Танцы были важным структурным элементом  дворянского быта. Их роль существенно  отличалась как от функции танцев в народном быту того времени, так  и от современной. В жизни русского столичного дворянина XVIII века время  разделялось на две половины: пребывание дома было посвящено семейным и хозяйственным  заботам здесь дворянин выступал как частное лицо; другую половину занимала служба — военная или  статская, в которой дворянин выступал как верноподданный, служа государю и государству, как представитель дворянства перед лицом других сословий.

Противопоставление  этих двух форм поведения снималось  в венчающем день «собрании» —  на балу или званом вечере.

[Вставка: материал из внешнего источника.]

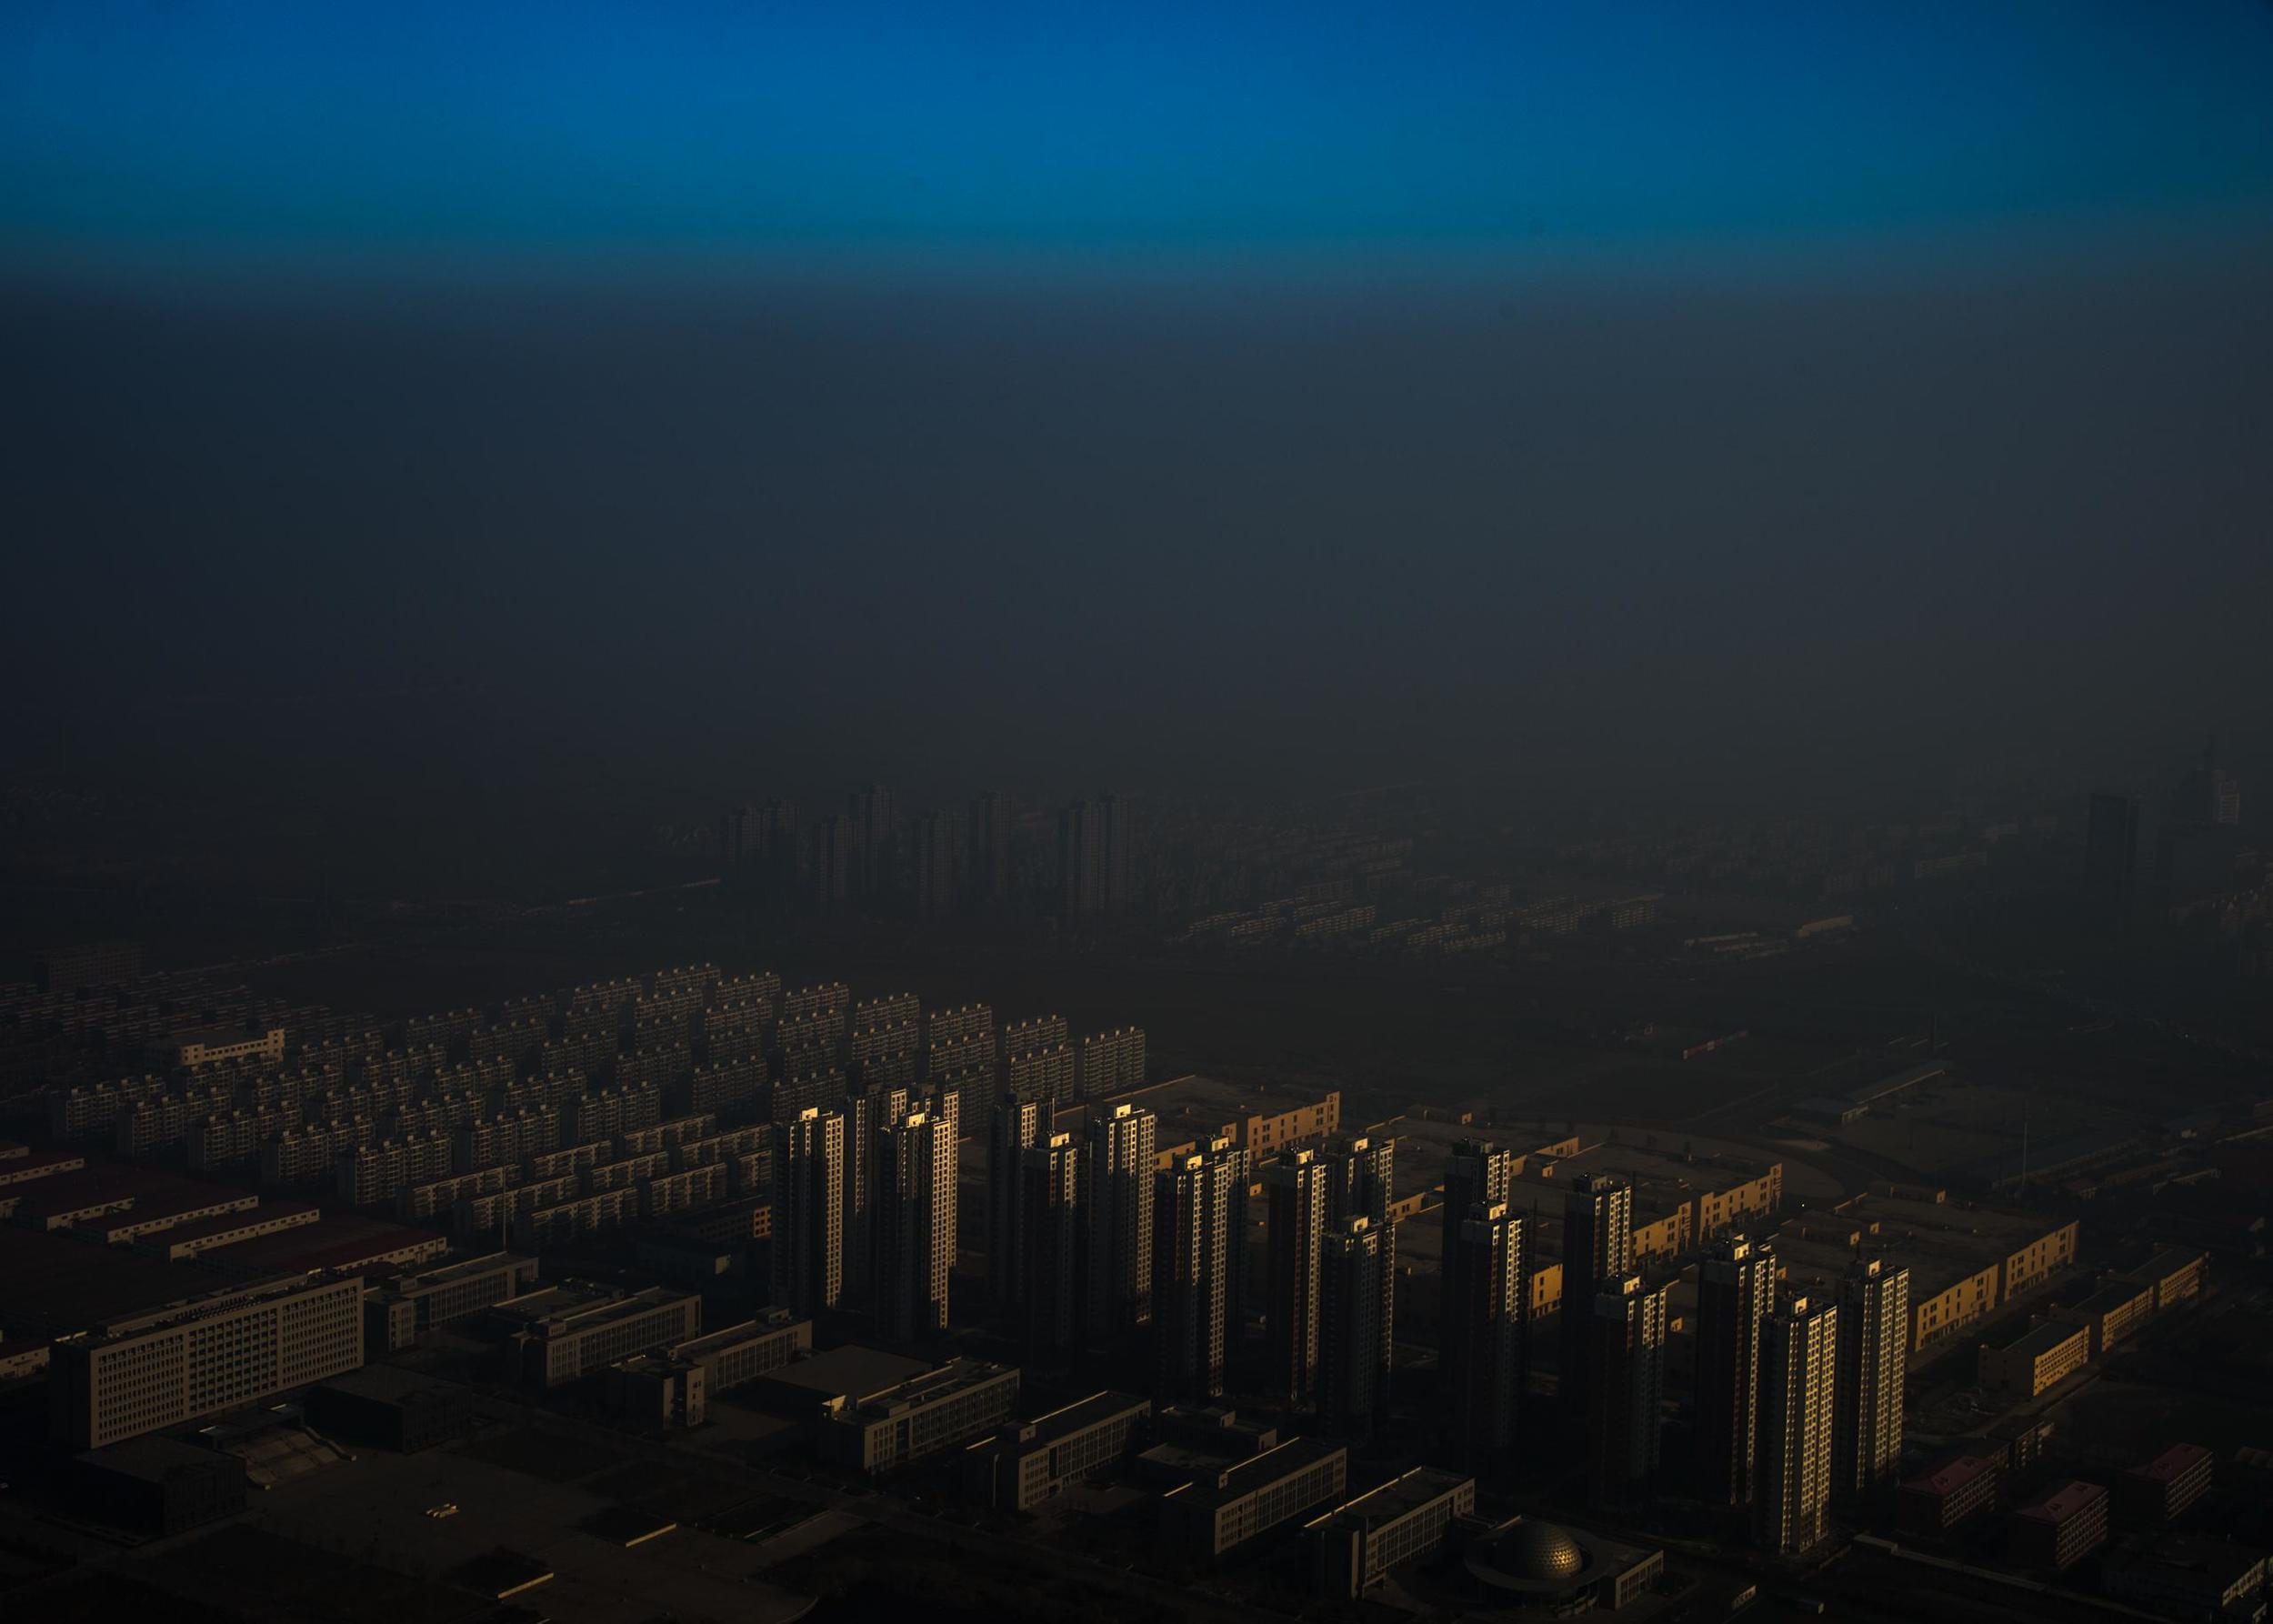 雾霾在中国张磊      2015/12/10      天津,中国      EXIF:      相机: Nikon D4       快门: 1/500s      光圈: f10      焦距: 44mm ISO: 100

Здесь  реализовывалась общественная жизнь  дворянина: он не был ни частное лицо в частном быту, ни служивый человек  на государственной службе он был  дворянин в дворянском собрании, человек  своего сословия среди своих. Таким  образом, бал оказывался, с одной  стороны, сферой, противоположной службе — областью непринужденного общения, светского отдыха, местом, где границы  служебной иерархии ослаблялись. Присутствие  дам, танцы, нормы светского общения  вводили внеслужебные ценностные критерии, и юный поручик, ловко танцующий  и умеющий смешить дам, мог  почувствовать себя выше стареющего, побывавшего в сражениях полковника. С другой стороны, бал был областью общественного представительства, формой социальной организации, одной  из немногих форм дозволенного в России той поры коллективного быта. В  этом смысле светская жизнь получала ценность общественного дела. Внутренняя организация бала делалась задачей  исключительной культурной важности, так как была призвана дать формы  общению «кавалеров» и «дам», определить тип социального поведения  внутри дворянской культуры. Это повлекло за собой ритуализацию бала, создание строгой последовательности частей, выделение устойчивых и обязательных элементов. Возникала грамматика бала, а сам он складывался в некоторое  целостное театрализованное представление, в котором каждому элементу (от входа в залу до разъезда) соответствовали  типовые эмоции, фиксированные значения, стили поведения. Основным элементом  бала как общественно-эстетического  действа были танцы. Они служили  организующим стержнем вечера, задавали тип и стиль беседы. «Мазурочная  болтовня» требовала поверхностных, неглубоких тем, но также занимательности  и остроты разговора, способности  к быстрому эпиграмматическому ответу.